SUPPLIED INFORMATION:
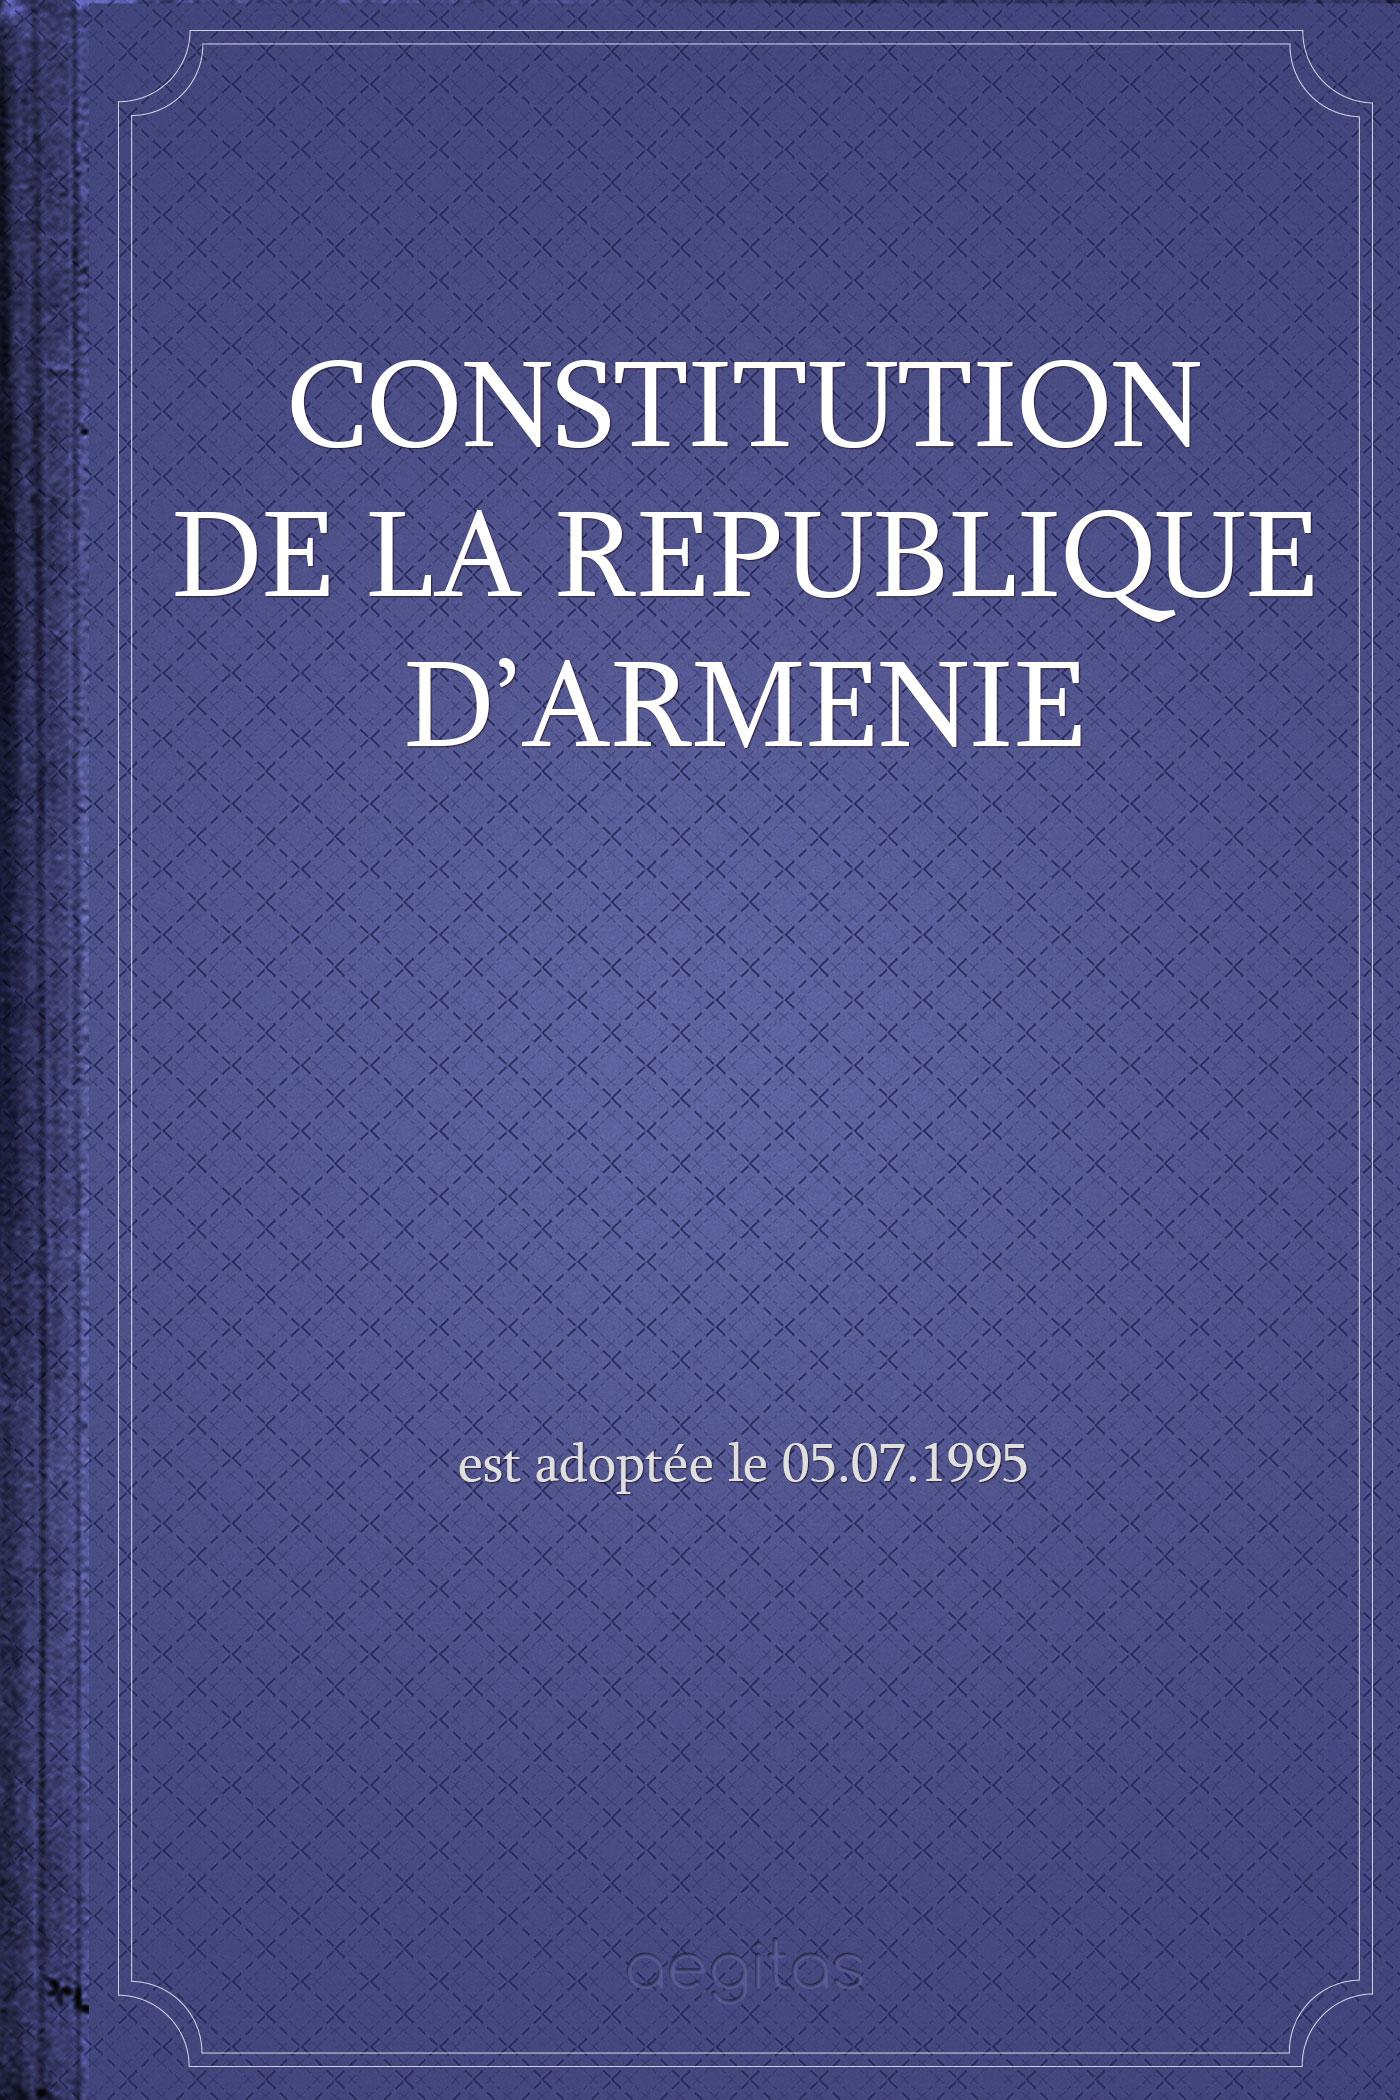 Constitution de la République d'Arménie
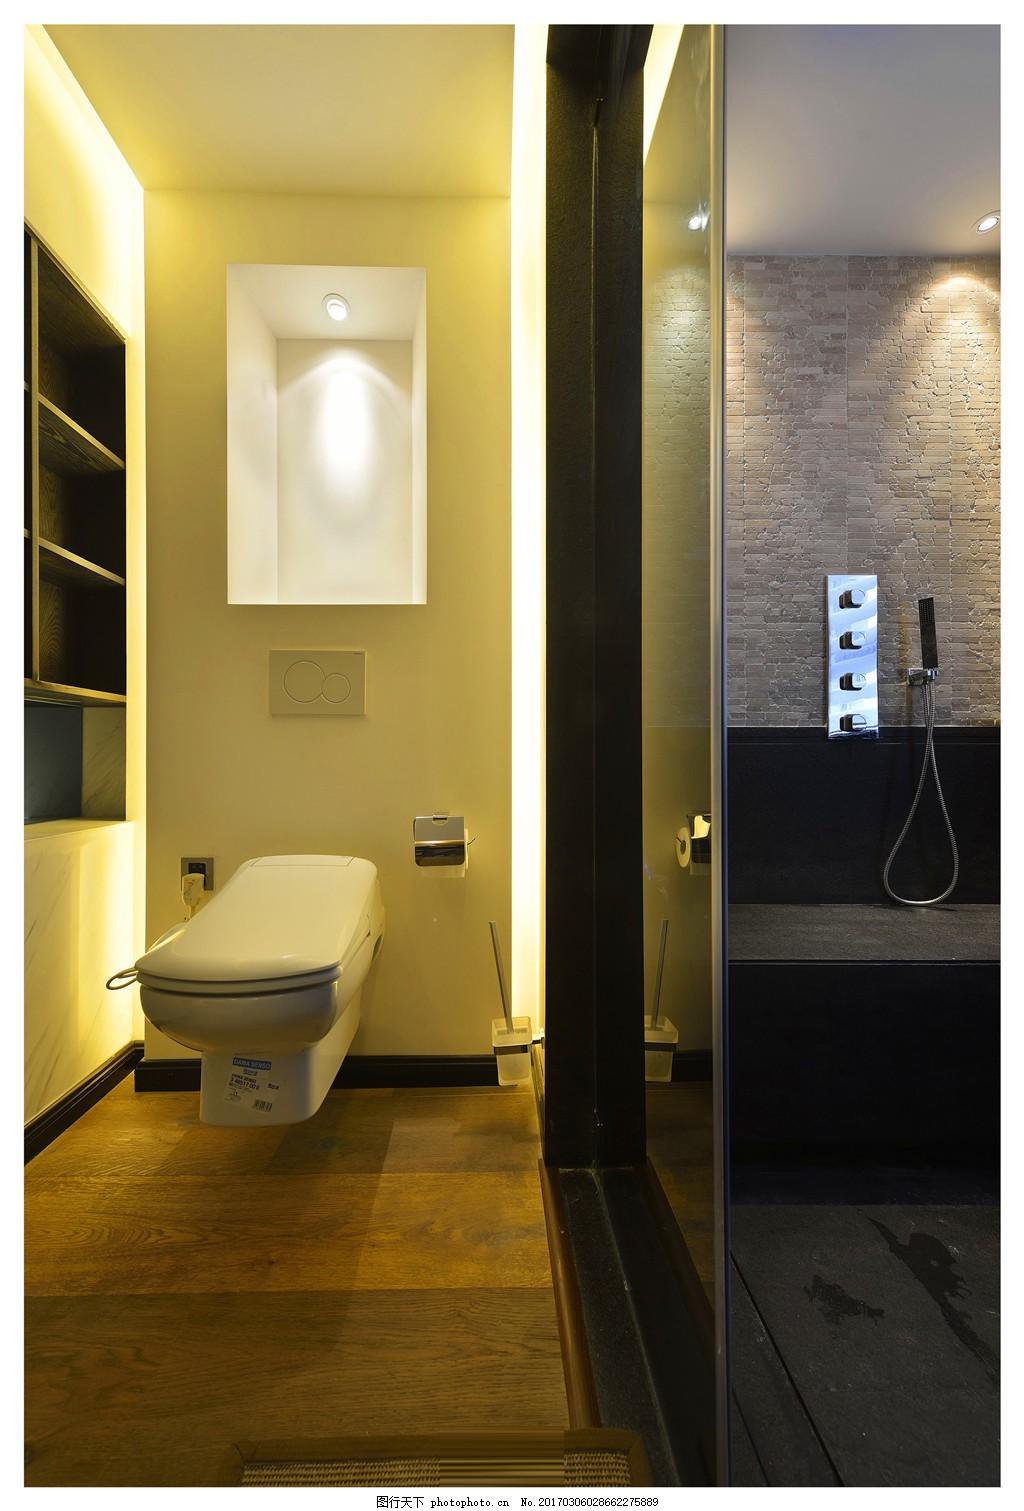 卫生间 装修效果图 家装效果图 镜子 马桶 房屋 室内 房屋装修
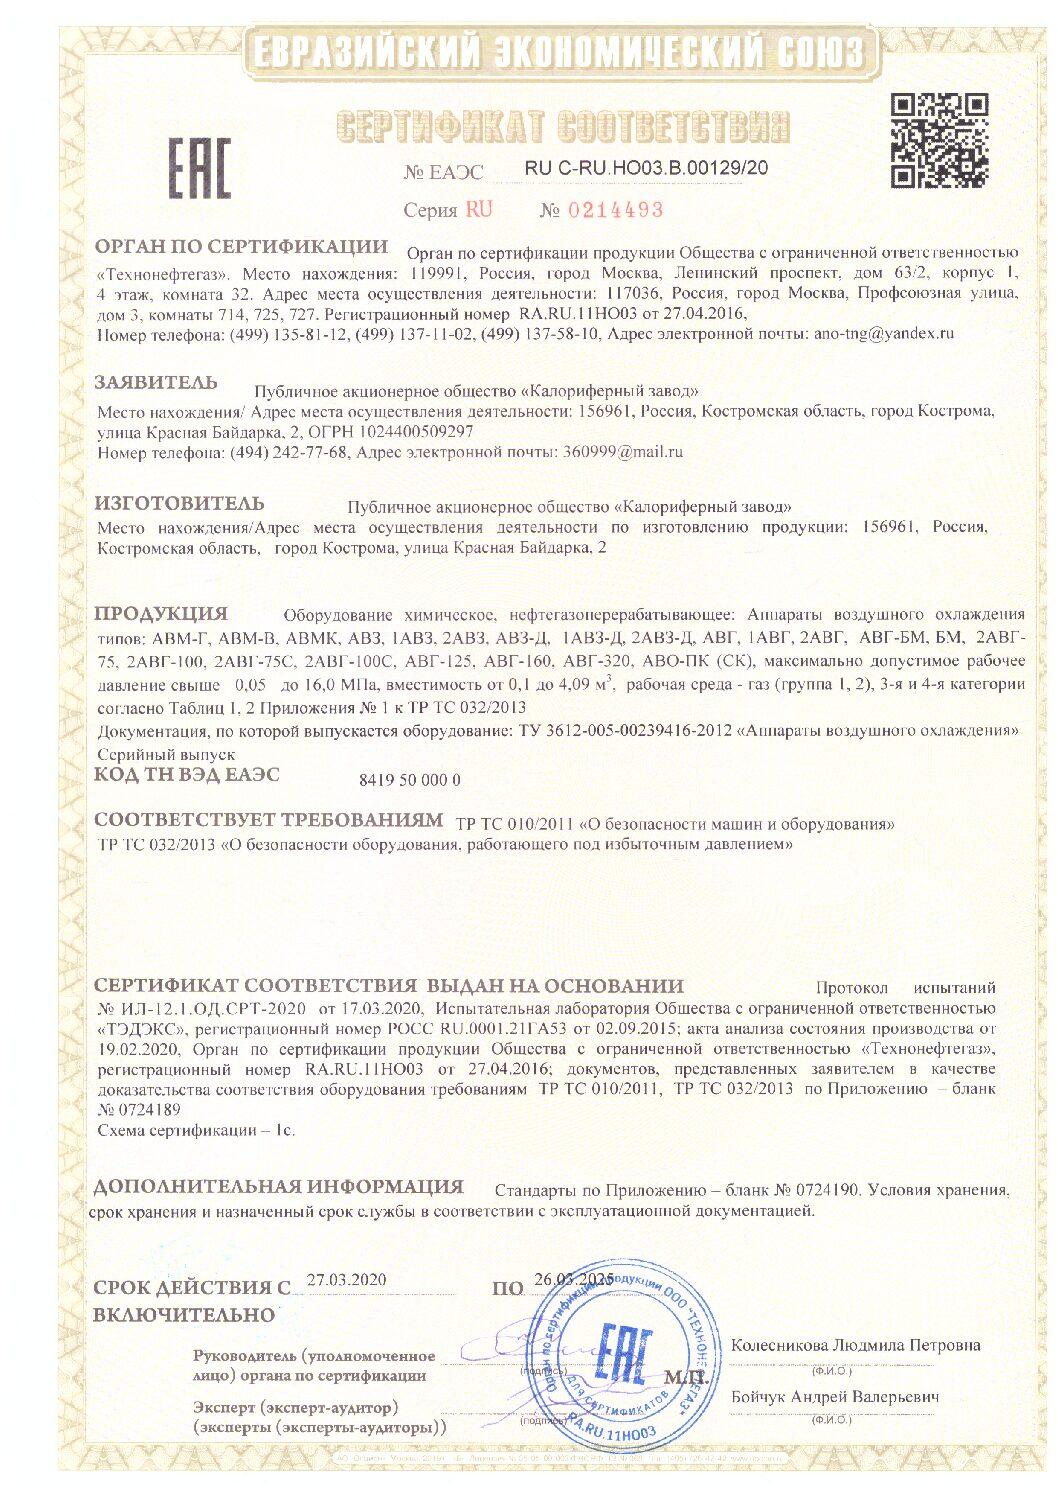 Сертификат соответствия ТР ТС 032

ABOUT THIS EXERCISE: Please output the full listing above exactly, minus any pictures.

RESPONSE FOR THIS EXERCISE:
 Constitution de la République d'Arménie
 卫生间 装修效果图 家装效果图 镜子 马桶 房屋 室内 房屋装修
 Сертификат соответствия ТР ТС 032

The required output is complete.